This section does not discuss all the program differences, because in most instances Washington writes its own version of the Federal hazardous waste rules. This section highlights those more notable differences between the revised State rules and the Federal rules. The State regulations that EPA is authorizing are located in Tables 1 and 2 above, and by viewing the Docket. There are certain portions of the Federal program which are not delegable to the States because of the Federal government's special role in foreign policy matters and because of national concerns that arise with certain decisions. For example, EPA does not delegate import/export functions.
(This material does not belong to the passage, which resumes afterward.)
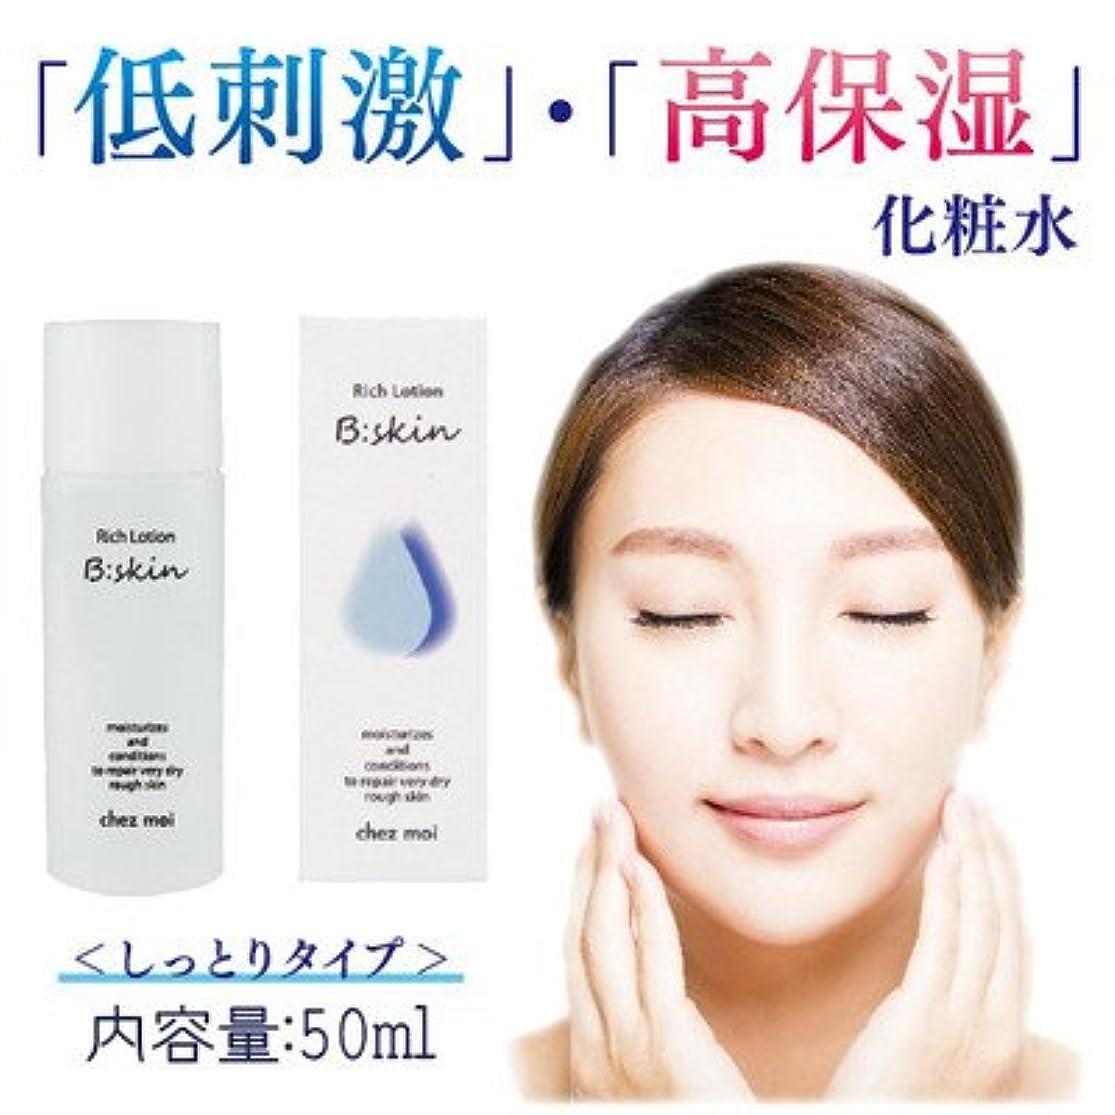 セラー静的ホテル低刺激 高保湿 しっとりタイプの化粧水 B:skin ビースキン Rich Lotion リッチローション しっとりタイプ 化粧水 50mL

Under RCRA regulations found in 40 CFR part 262, EPA will continue to implement requirements for import/export functions. However, the State rules found at WAC 173-303-230 reference EPA's export and import requirements and the State has amended these references to include those changes promulgated in the Federal rule “Corrections to Errors in the Code of Federal Regulation, (71 FR 40254, 7/14/06)”.

The State did not adopt the Federal Methods Innovation Rule (70 FR 34537, 6/14/05) which amended a variety of testing and monitoring requirements found in RCRA and removed from the Federal regulations a requirement to use the methods found in “EPA's Test Methods for Evaluating Solid Waste, Physical/Chemical Methods,” also known as “SW-846” in conducting various testing and monitoring. The State retained the RCRA-related sampling and analysis requirement to use the testing methods found in “SW-846,” and EPA considers these changes to be state-initiated changes within the scope of Ecology's existing authorization that are consistent with and no less stringent than the Federal program. (Note: The State does have an existing state-only petition process for deviating from “SW-846” for equivalent testing methods, found at WAC 173-303-110(5) which is not part of its state-only rule and isn't part of the federally-authorized program. Additionally, in Table 2, above, those State citations identified with an asterisk (*) indicate those state provisions where “SW-846” testing methods must be used.)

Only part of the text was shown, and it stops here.